[Dataset entries]:
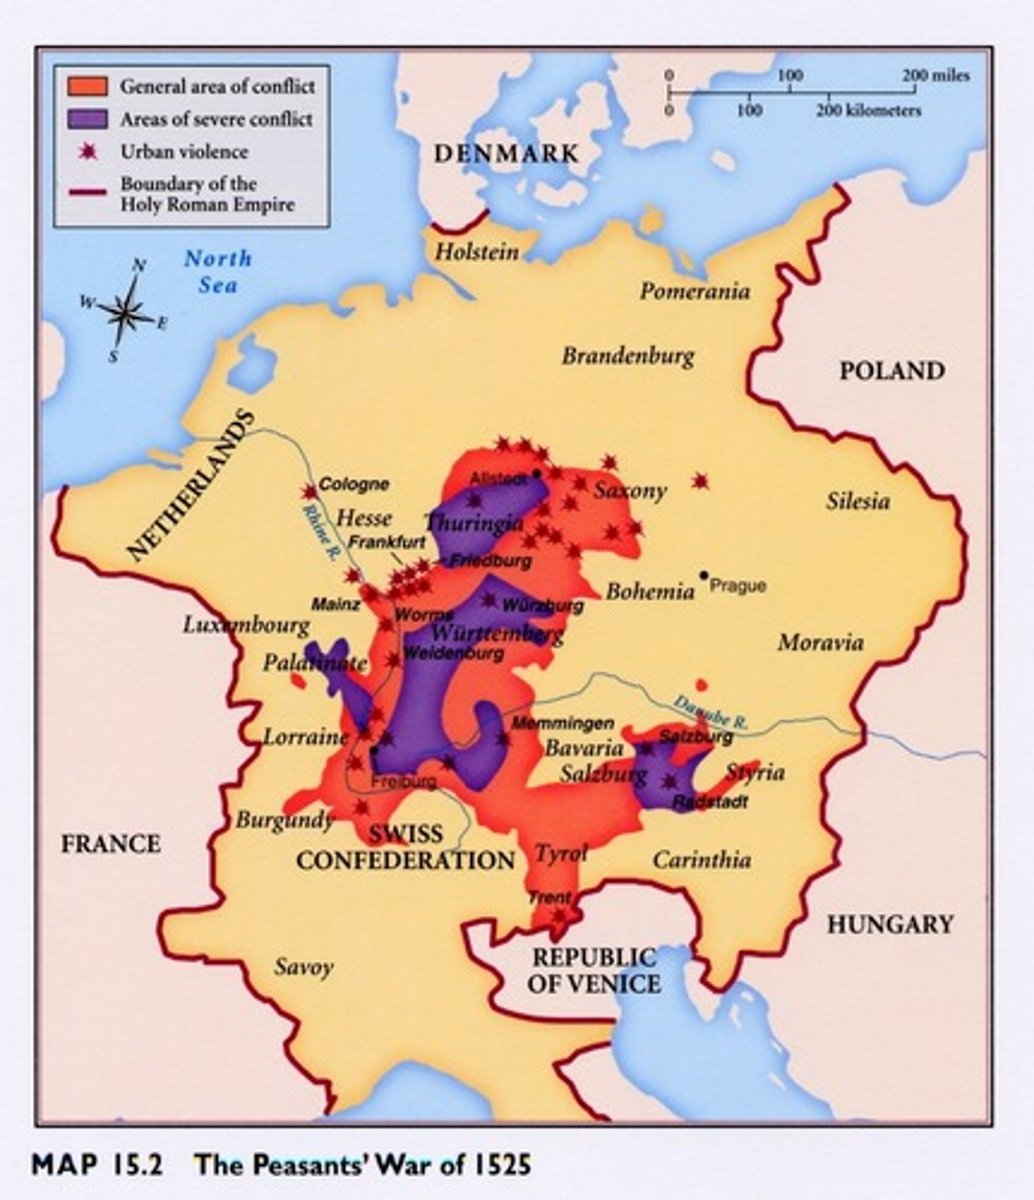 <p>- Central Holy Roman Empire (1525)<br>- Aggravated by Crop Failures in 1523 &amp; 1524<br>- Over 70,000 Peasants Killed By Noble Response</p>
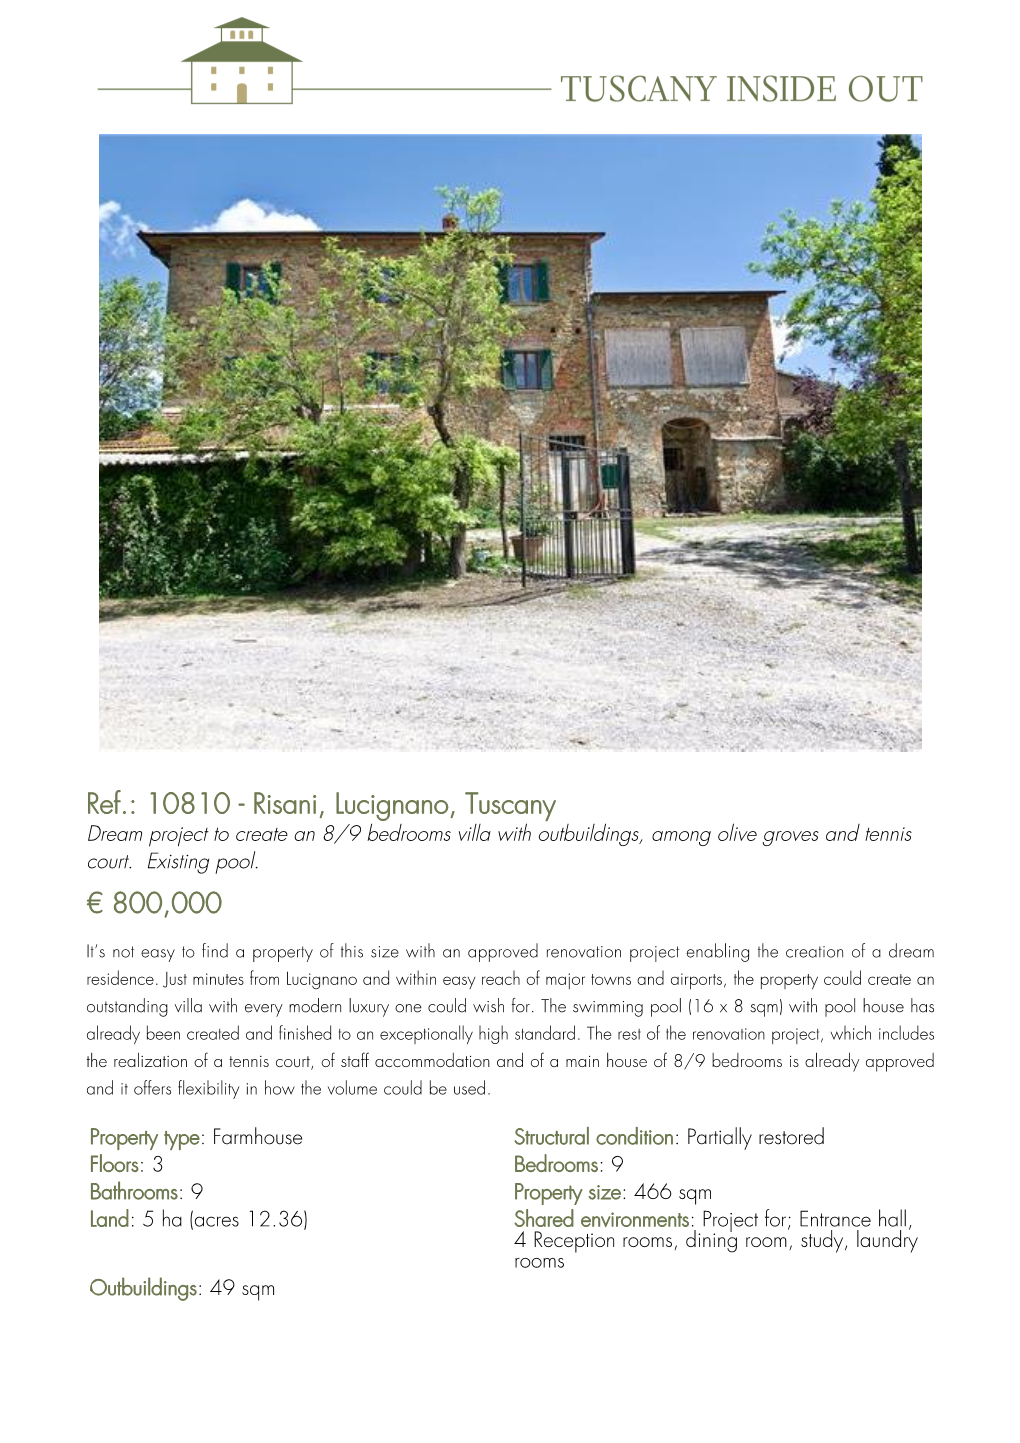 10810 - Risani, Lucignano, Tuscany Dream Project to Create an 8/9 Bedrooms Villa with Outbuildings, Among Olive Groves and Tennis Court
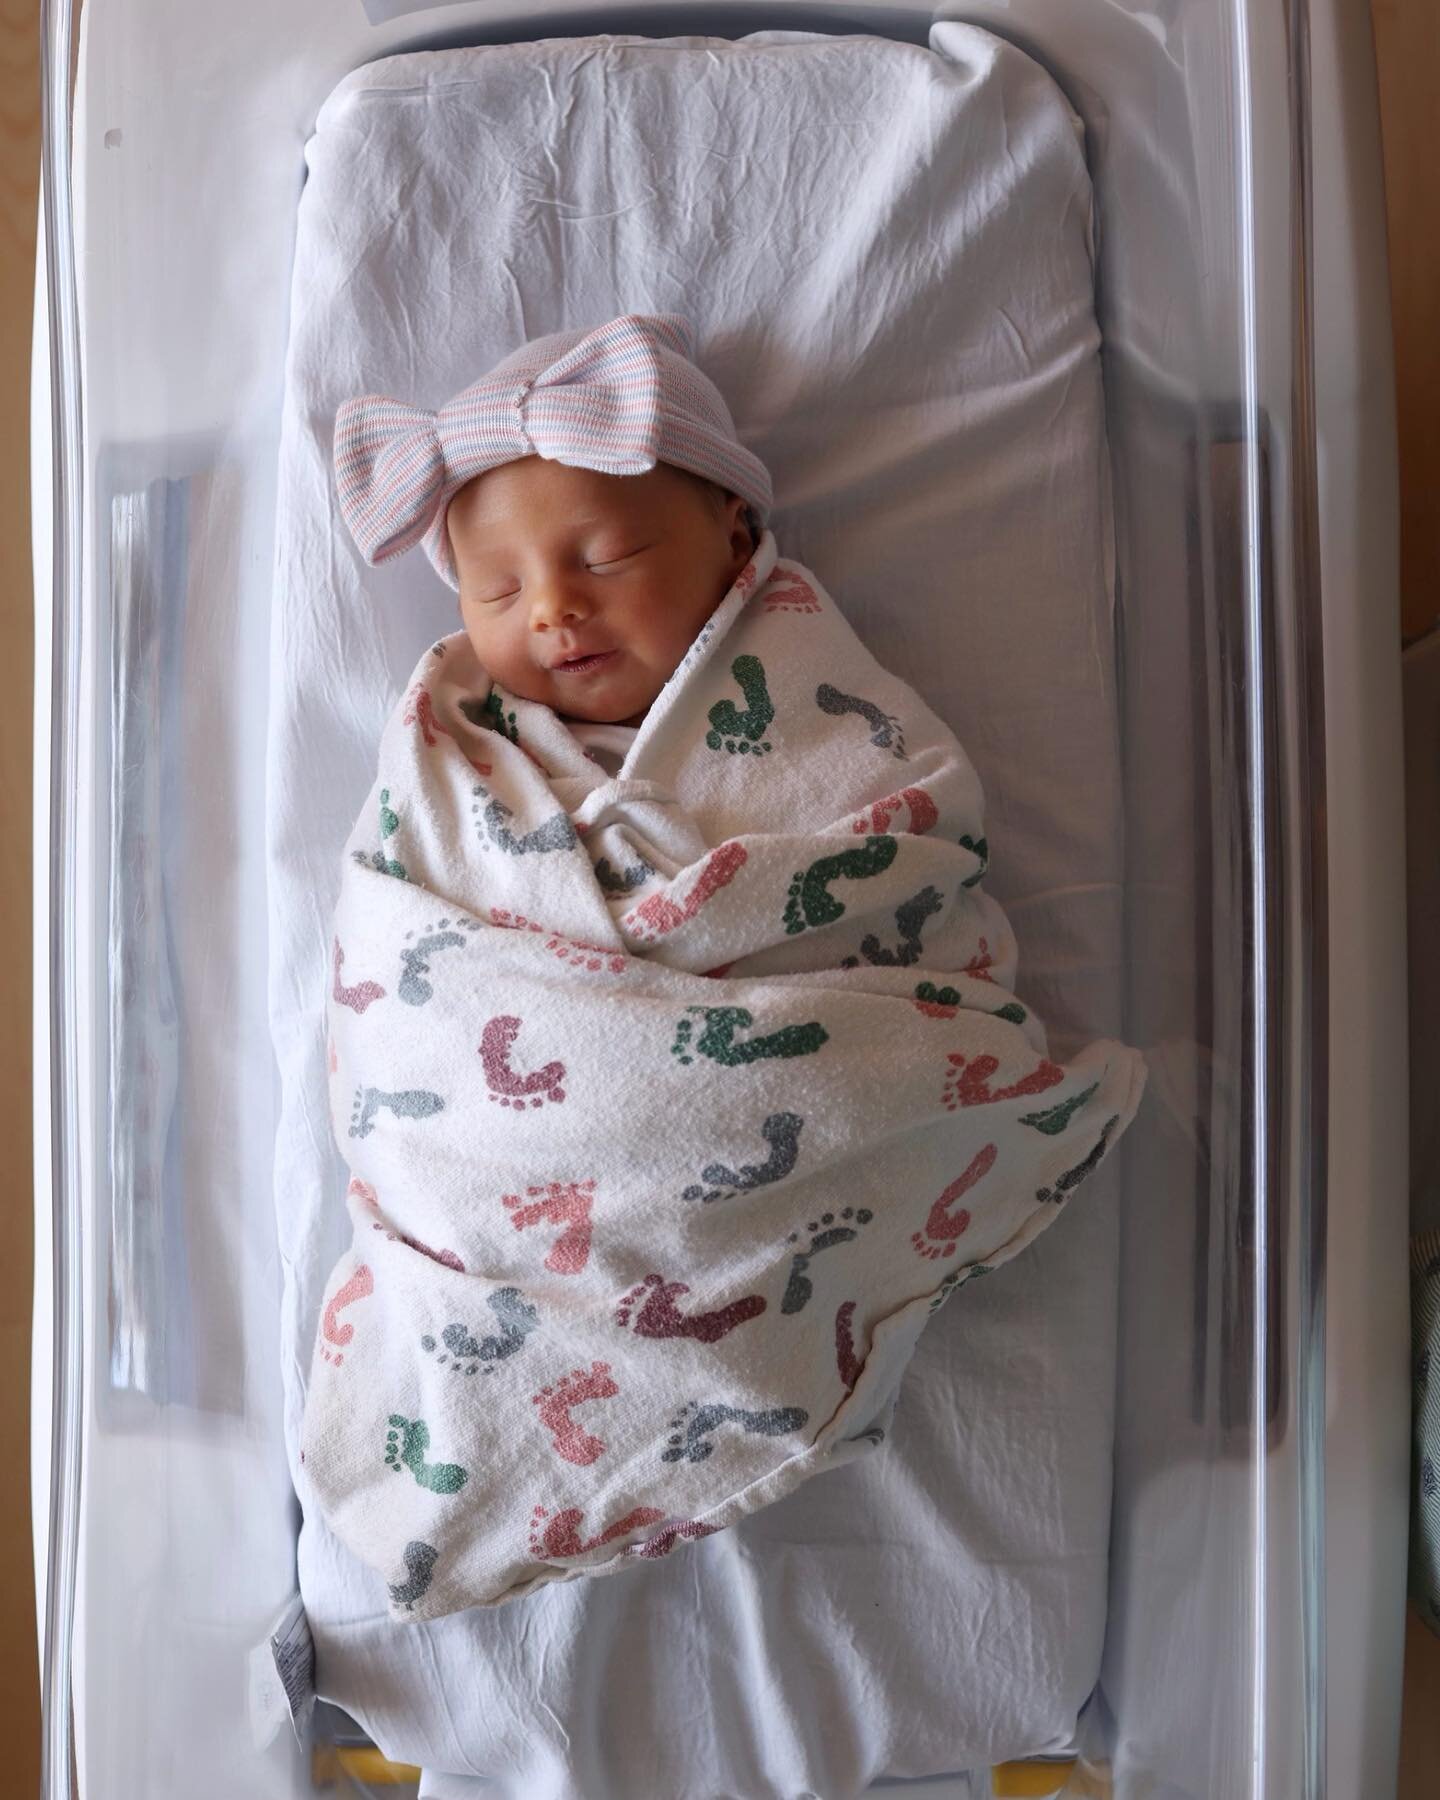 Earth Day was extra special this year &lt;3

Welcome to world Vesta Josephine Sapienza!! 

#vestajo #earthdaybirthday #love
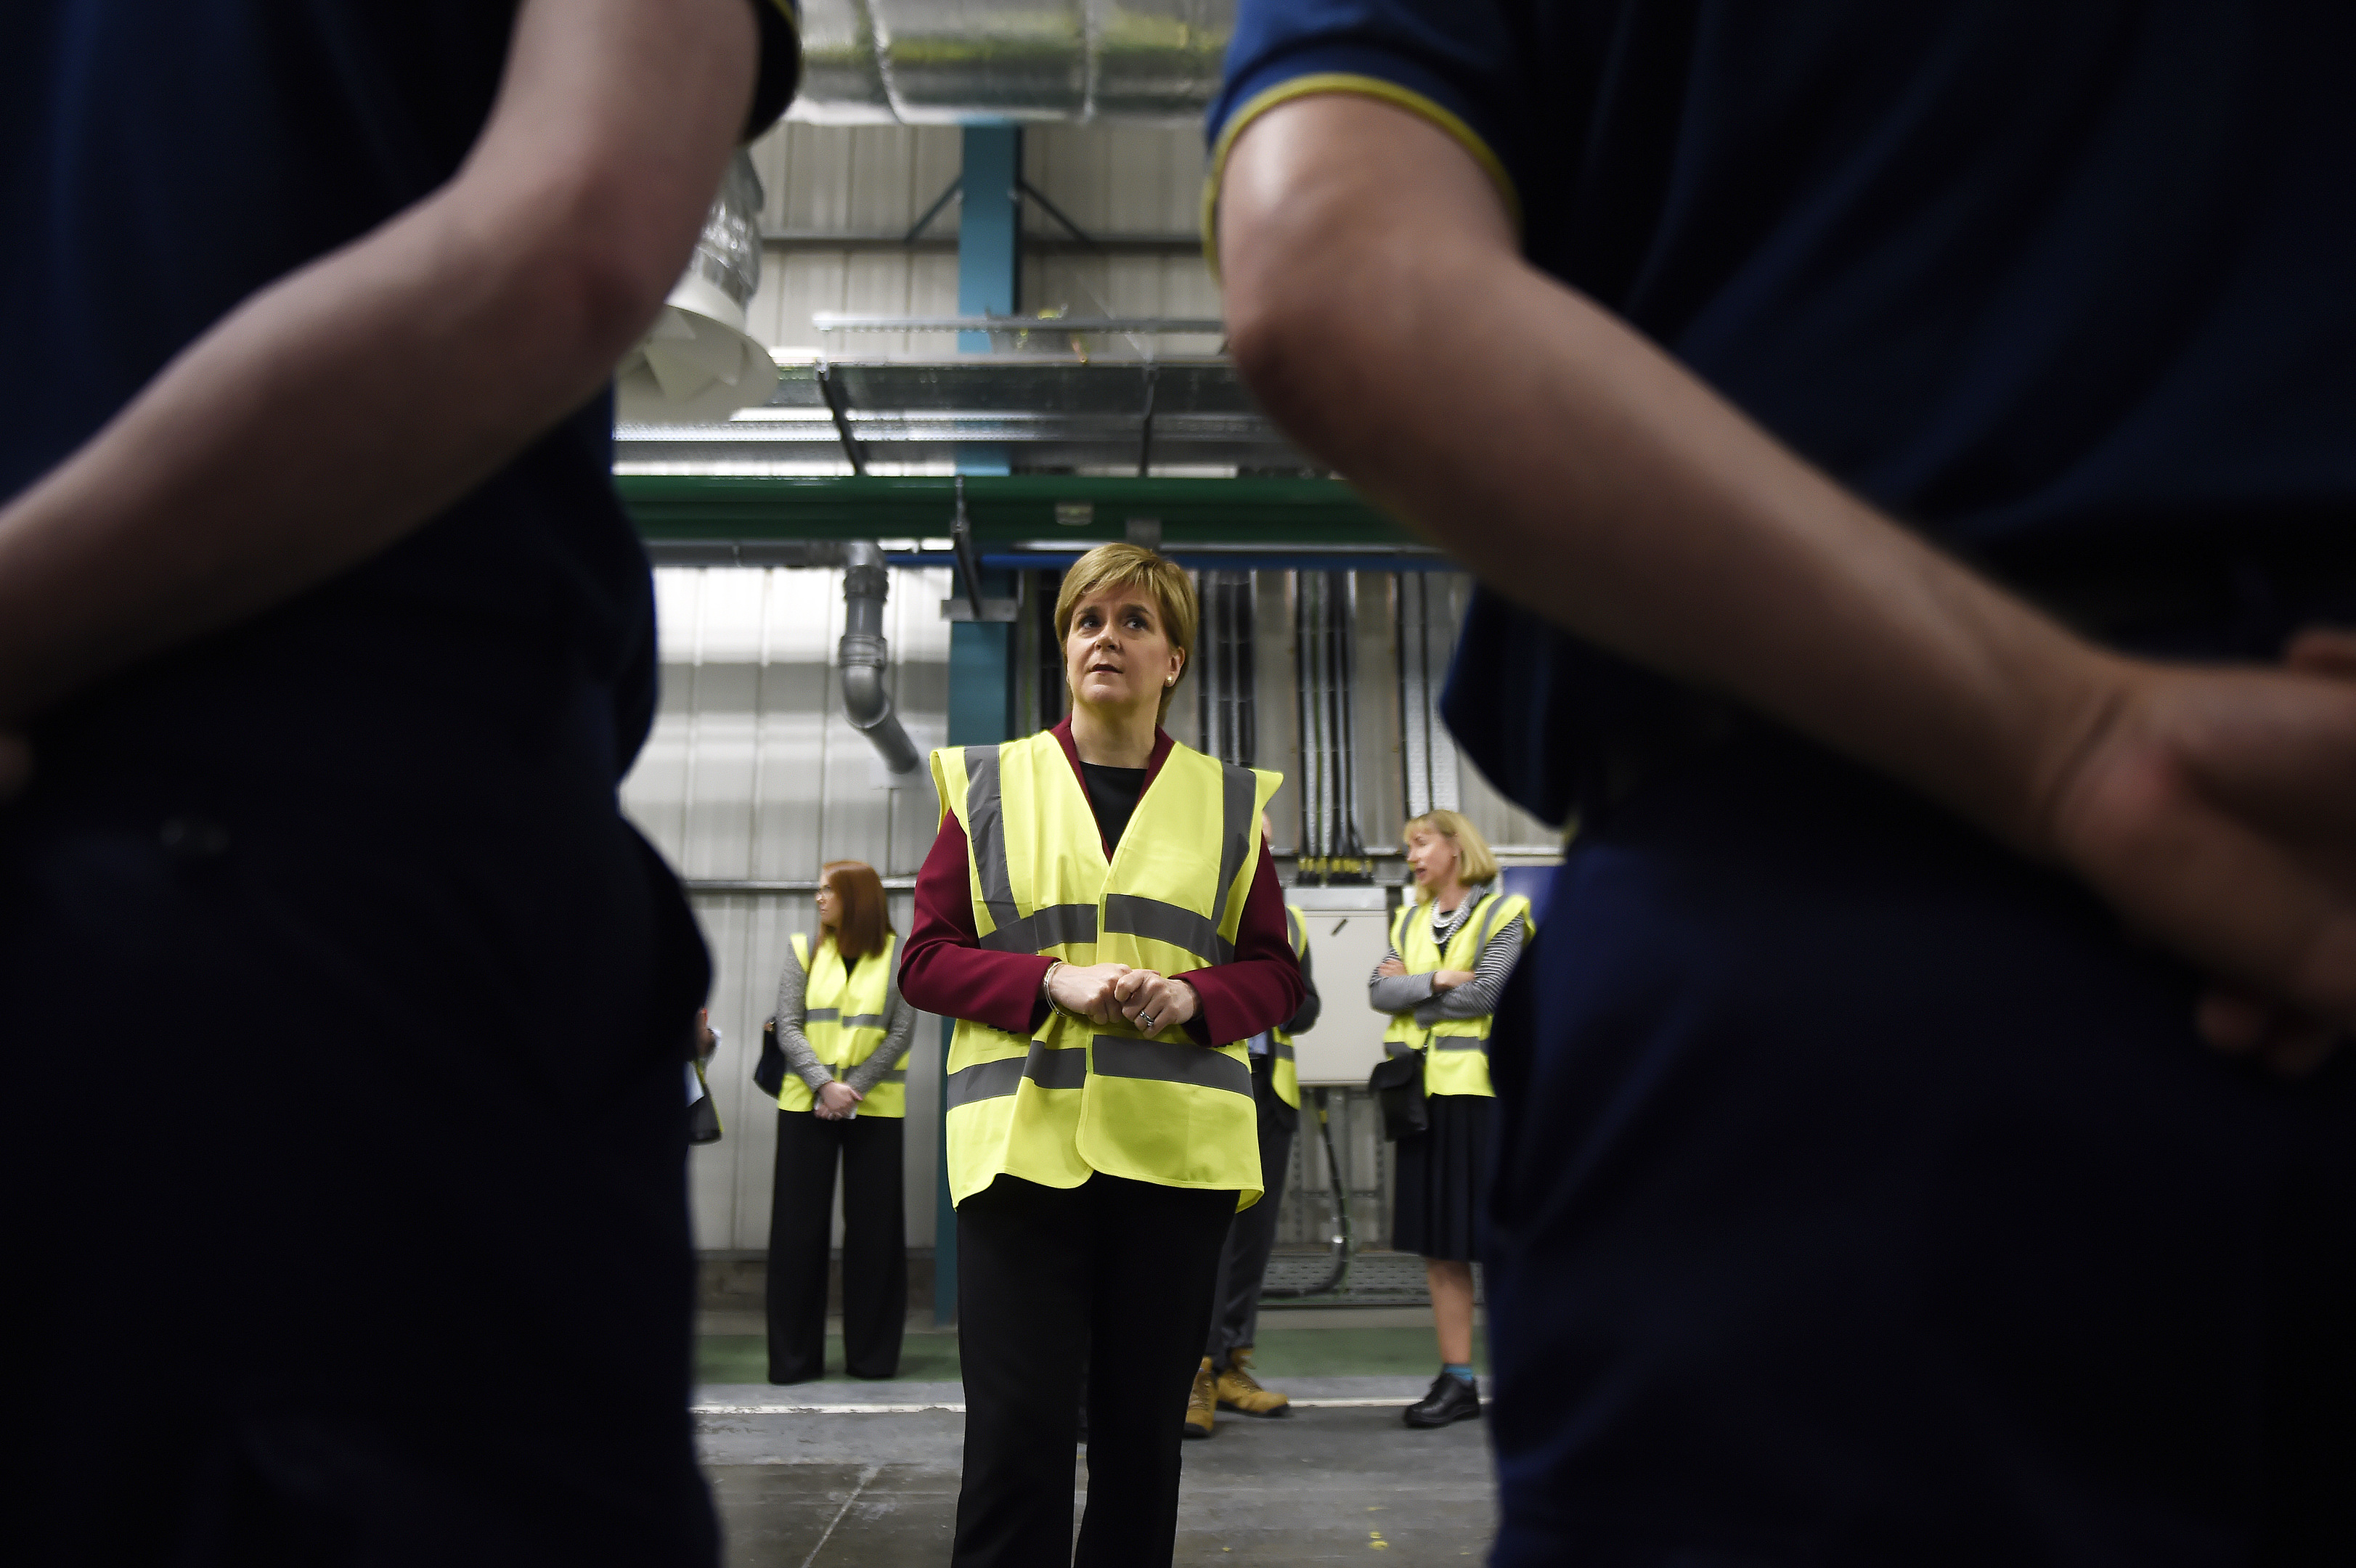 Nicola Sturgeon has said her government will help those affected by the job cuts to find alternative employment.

[Task requirements]: Write out the records above exactly as they stand, leaving out every picture.

[Answer to this task]:
 <p>- Central Holy Roman Empire (1525)<br>- Aggravated by Crop Failures in 1523 &amp; 1524<br>- Over 70,000 Peasants Killed By Noble Response</p>
 10810 - Risani, Lucignano, Tuscany Dream Project to Create an 8/9 Bedrooms Villa with Outbuildings, Among Olive Groves and Tennis Court
 Earth Day was extra special this year &lt;3

Welcome to world Vesta Josephine Sapienza!! 

#vestajo #earthdaybirthday #love
 Nicola Sturgeon has said her government will help those affected by the job cuts to find alternative employment.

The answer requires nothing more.